Para mim, só o que resta é imaginar como é tudo isso. A noção que tenho é baseada em fotos e descrições que li em livros. Em um clima tropical de altitude acho que é esperar demais que algo assim aconteça, mas, ela não está menos presente, menos real por causa disso. O inverno chegou, trazendo suas ondas frias e seus ares escuros, mas a neve, esta eu ainda não vi chegar.

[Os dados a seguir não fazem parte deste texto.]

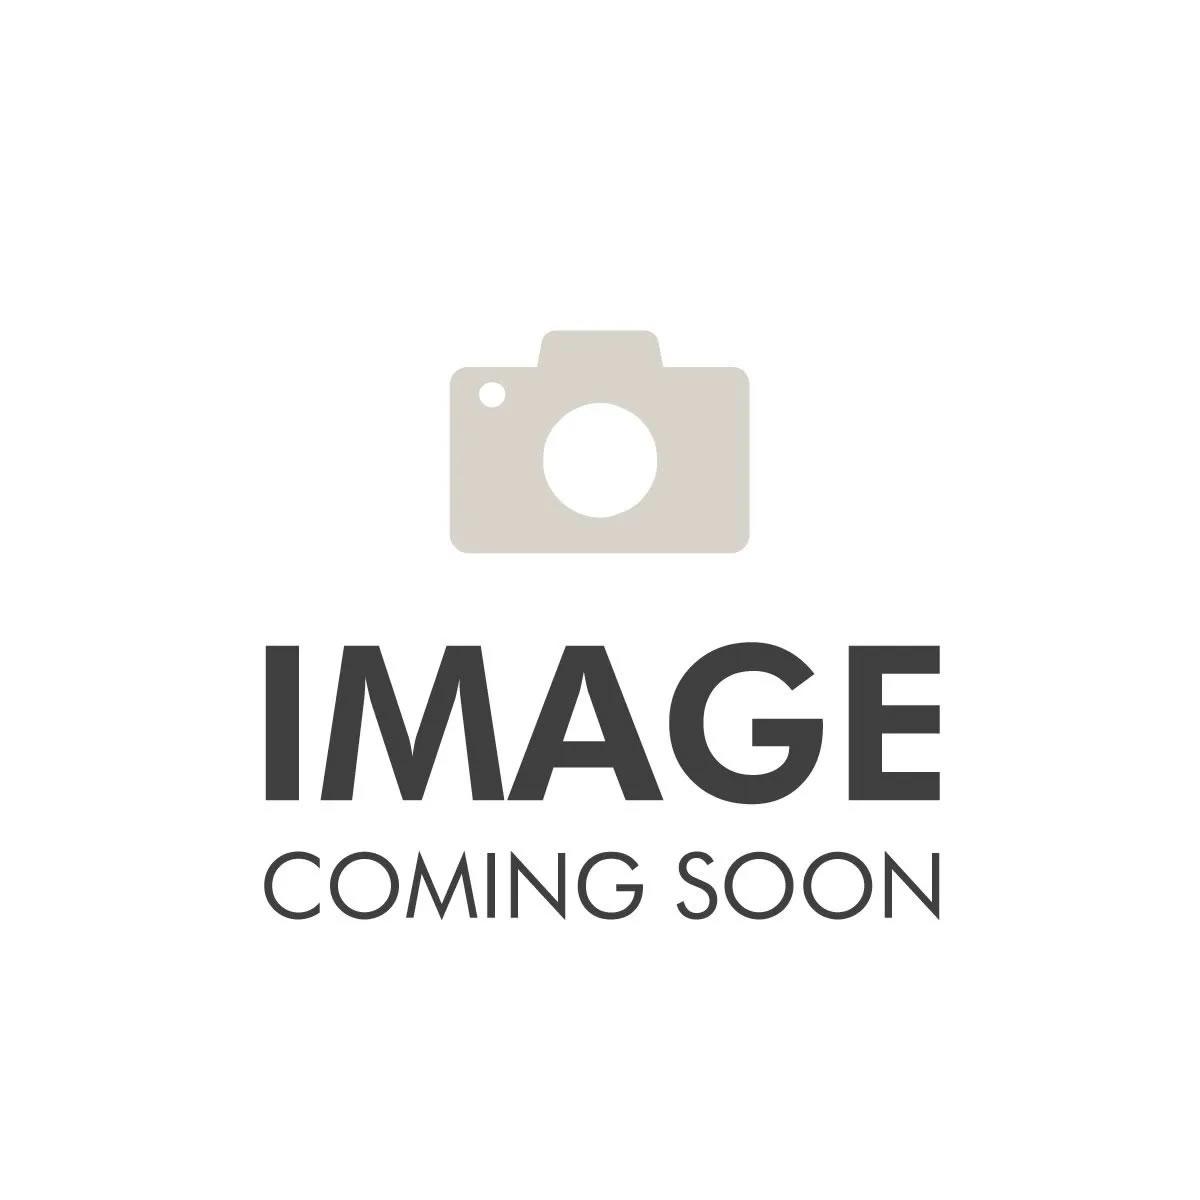 Neo Seat Protector Vests Gray 07-18 JK

quinta-feira, 16 de junho de 2011

Fragmentos do Tempo


A vida de cada pessoa gira em torno de sua essência. Algo que passa por transformações, mudanças e lapidações, mas que, no fundo permanece inalterado. Há o fragmento de tempo em que sorrimos, dizemos "bom dia" até para o vento, sentimos vontade de correr e abraçar o mundo com nossos minúsculos braços, abarcar todas as realidades possíveis e viver todas as formas de vida que existem. Essa é nossa natureza dinâmica, livre, solta, leve e envolvente. É a alma que quer se desprender do corpo, a sombra que quer andar com seus próprios pés, e o cérebro que quer se desatar do coração. É a busca inerente do ser humano pela descoberta, pelo conhecimento, pelo desconhecido e misterioso.
Há também os fragmentos do tempo em que queremos estar sós. Isolados de tudo e de todos. A tristeza bate nas portas do coração e ele, em sua bondade, a acolhe. O mundo escurece e nada parece bonito como fora um dia. As coisas simples perdem a cor e o brilho. O sol não esquenta o suficiente e trememos de frio. Algumas coisas nos acuam, nos prendem, amarram e dizem "Você só sai daí quando eu mandar!" Pronto, é o tempo outra vez.
Mas há algo além que nos renova sempre. Uma capacidade mágica de recriar a vida e o ser. Nos fazer levantar das cinzas e brilhar de novo. Sacudir a poeira e sorrir. Enxugar as lágrimas e começar da estaca zero. Os buracos se fecham e ficam as marcas, mas, com o tempo, as cores voltam, as flores se abrem e o sol aquece novamente. Nada está perdido, pois o tempo, apesar de parecer longo quando sofremos e curto quando estamos felizes, é apenas o suficiente para construir cada ser humano tal qual ele deve ser, em forma e essência.